Description of the task:
Begin at the line where "the way home" appears and reproduce exactly every line through the end of the data below, both included, skipping pictures.

Given data:
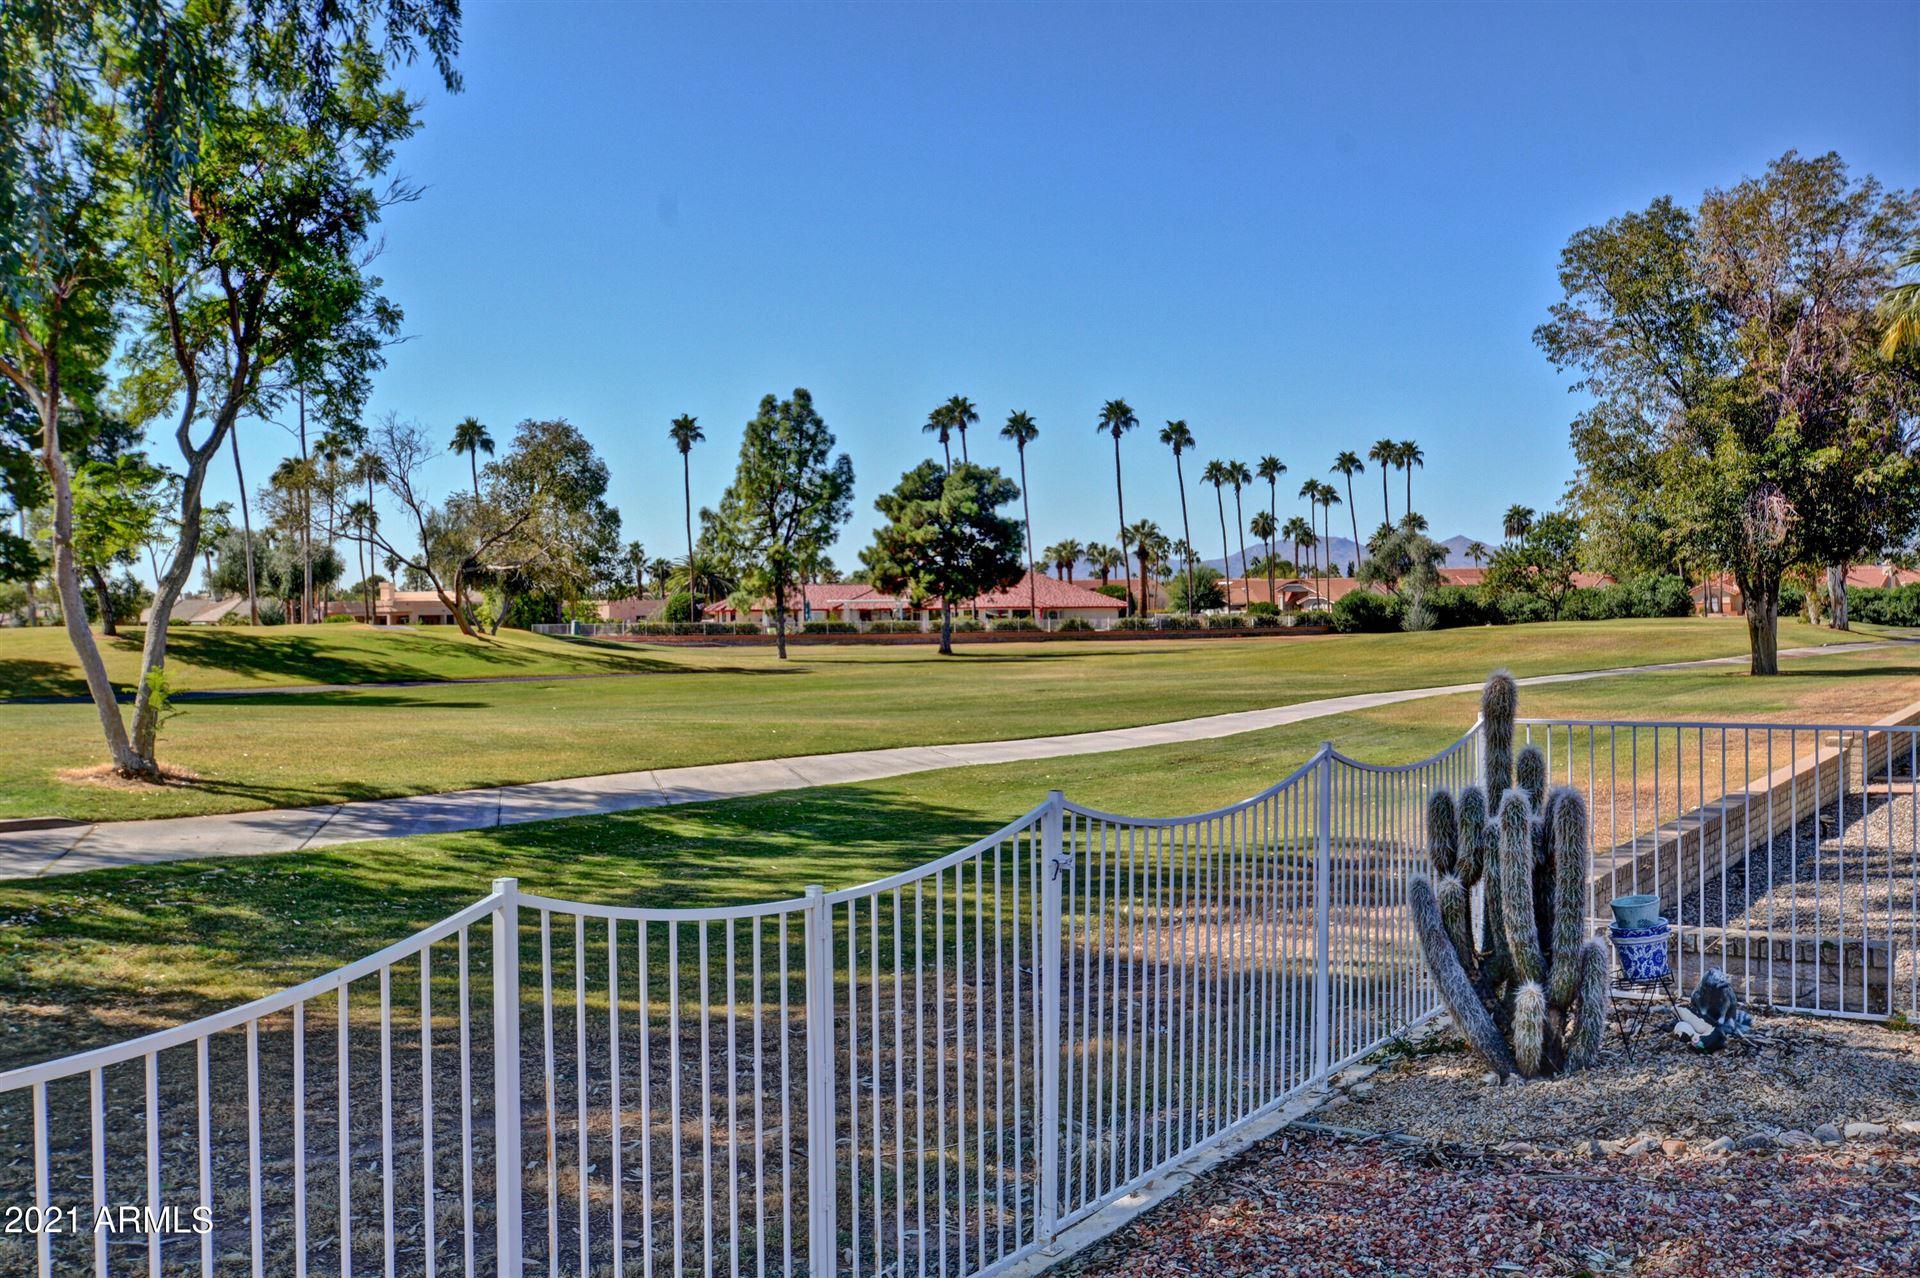 Photo of 13431 W GABLE HILL Drive, Sun City West, AZ 85375 (MLS # 6307178)
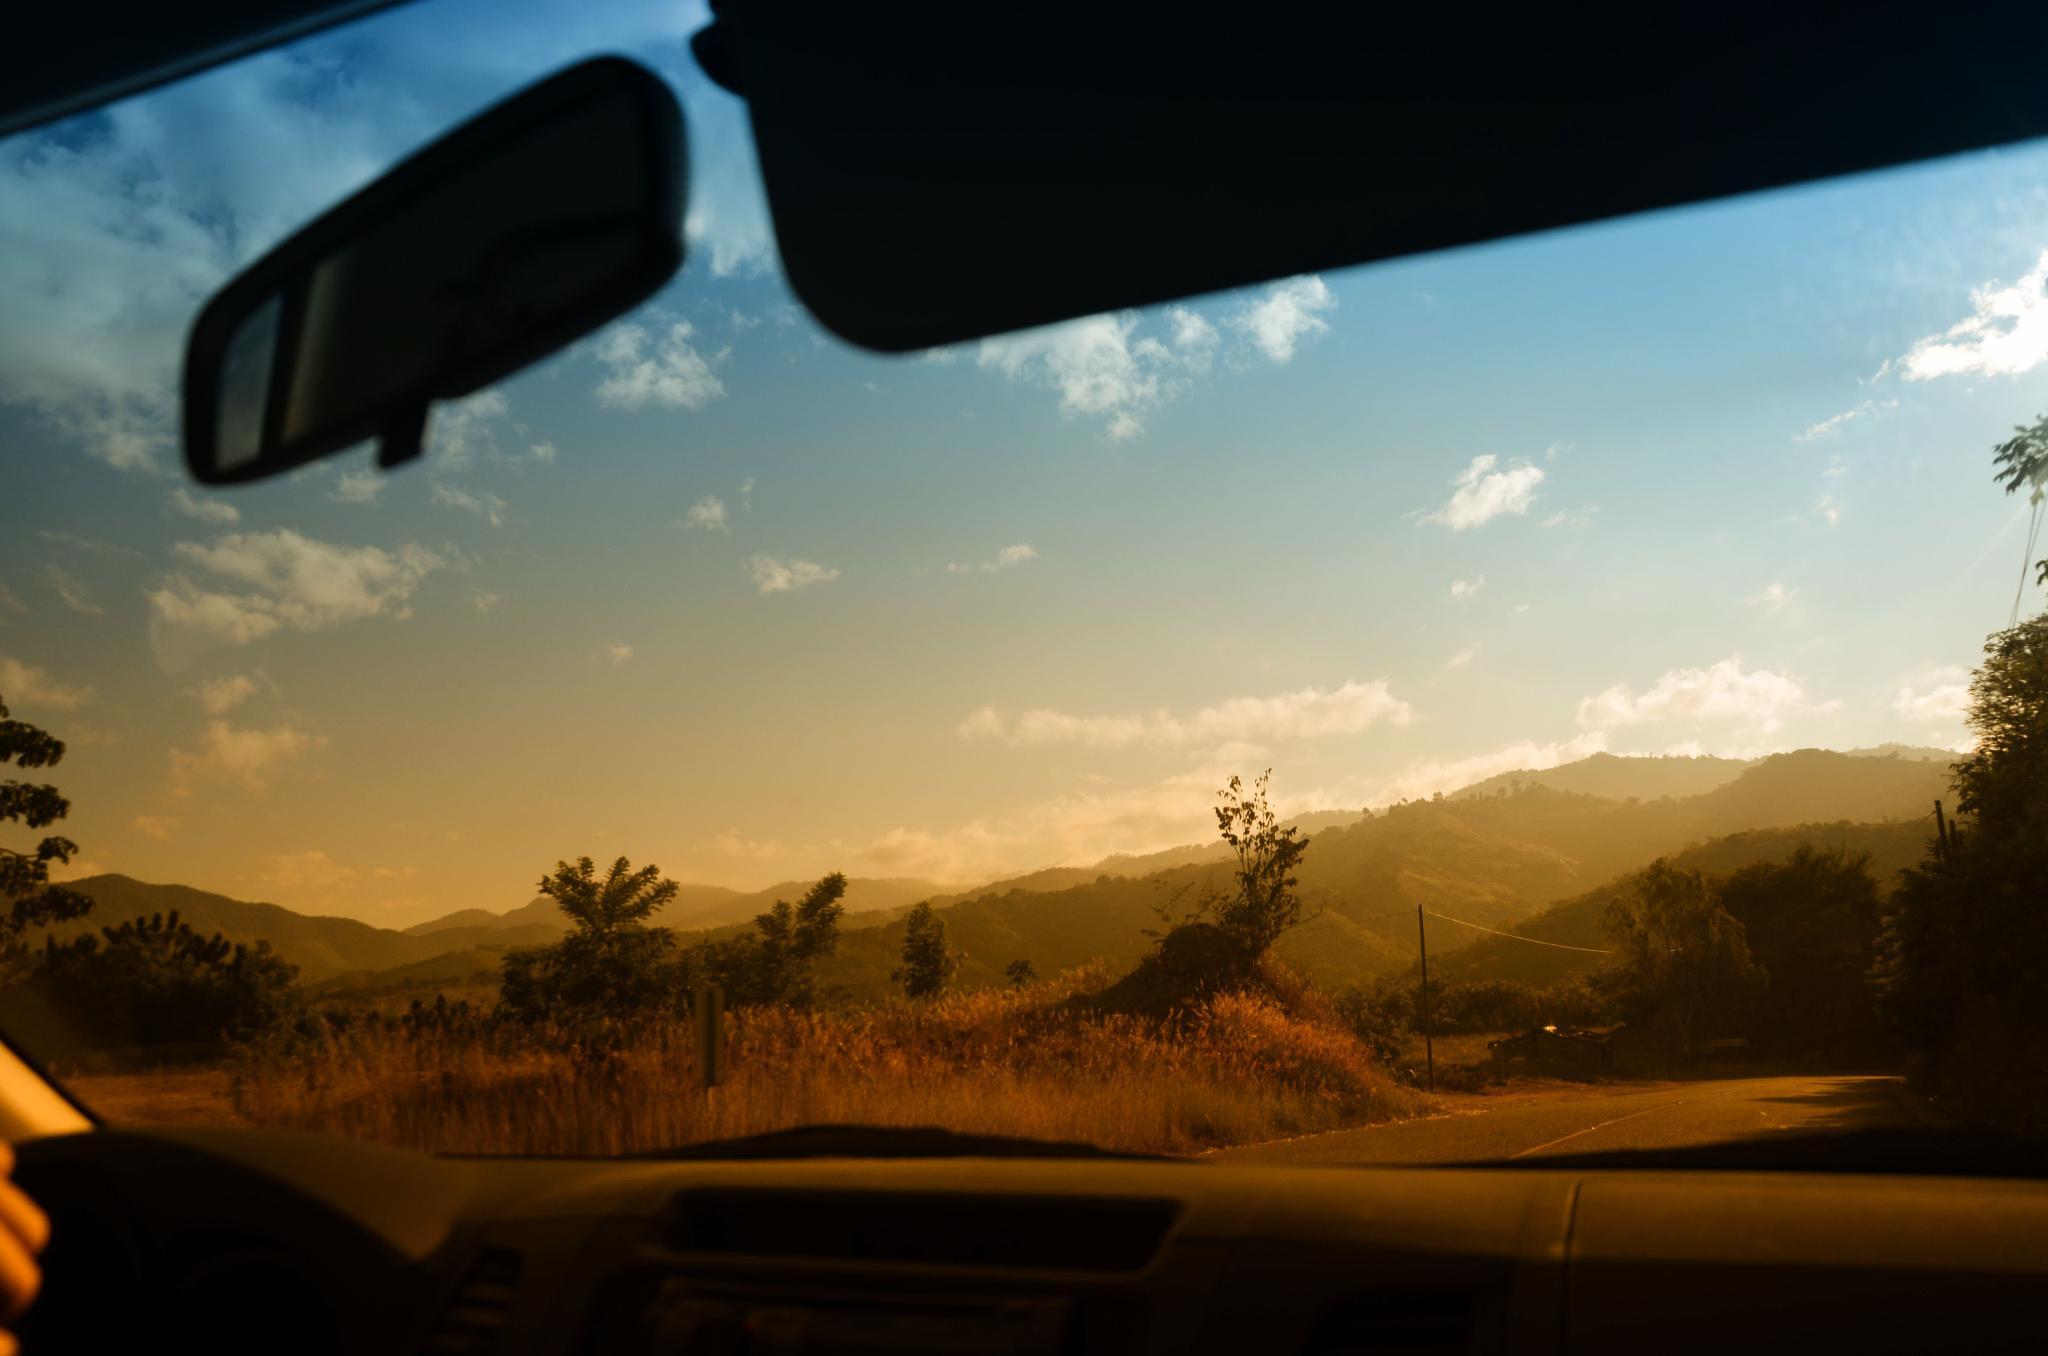 """This is the way home "" by Jorge Enrique Batz"
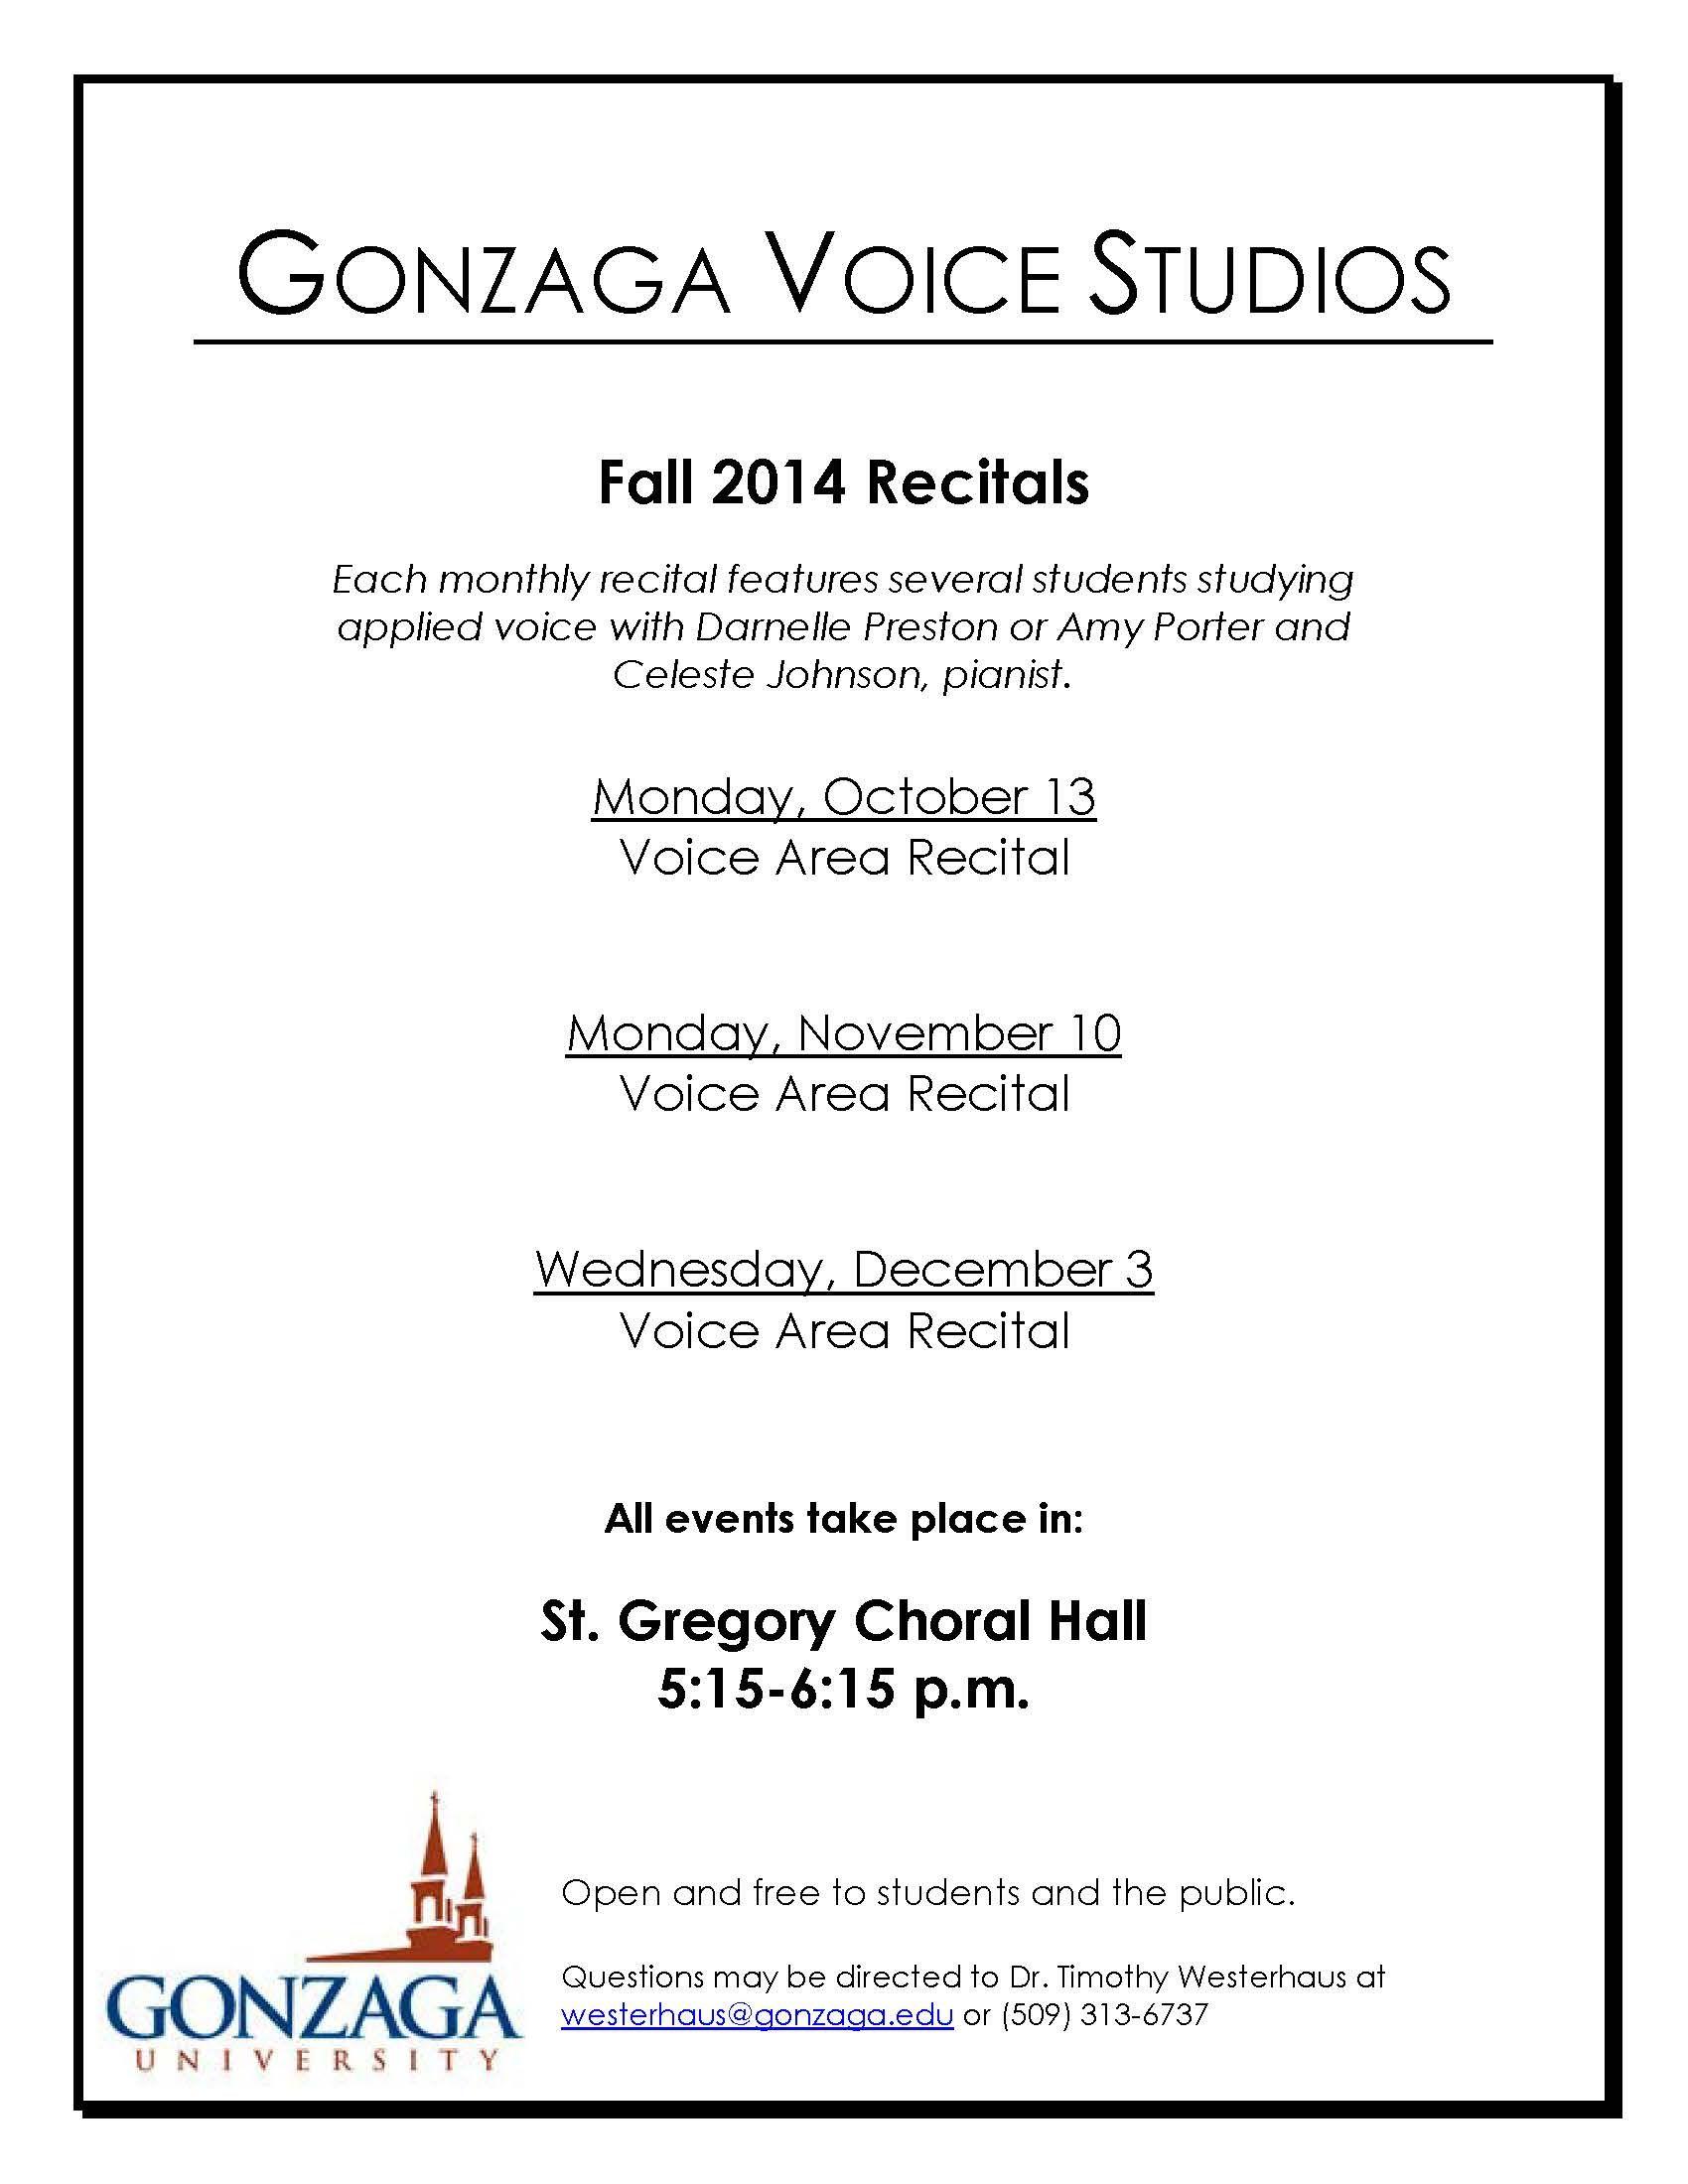 Voice Recitals this Fall Semester

Solved exercise:
 """This is the way home "" by Jorge Enrique Batz"
 Voice Recitals this Fall Semester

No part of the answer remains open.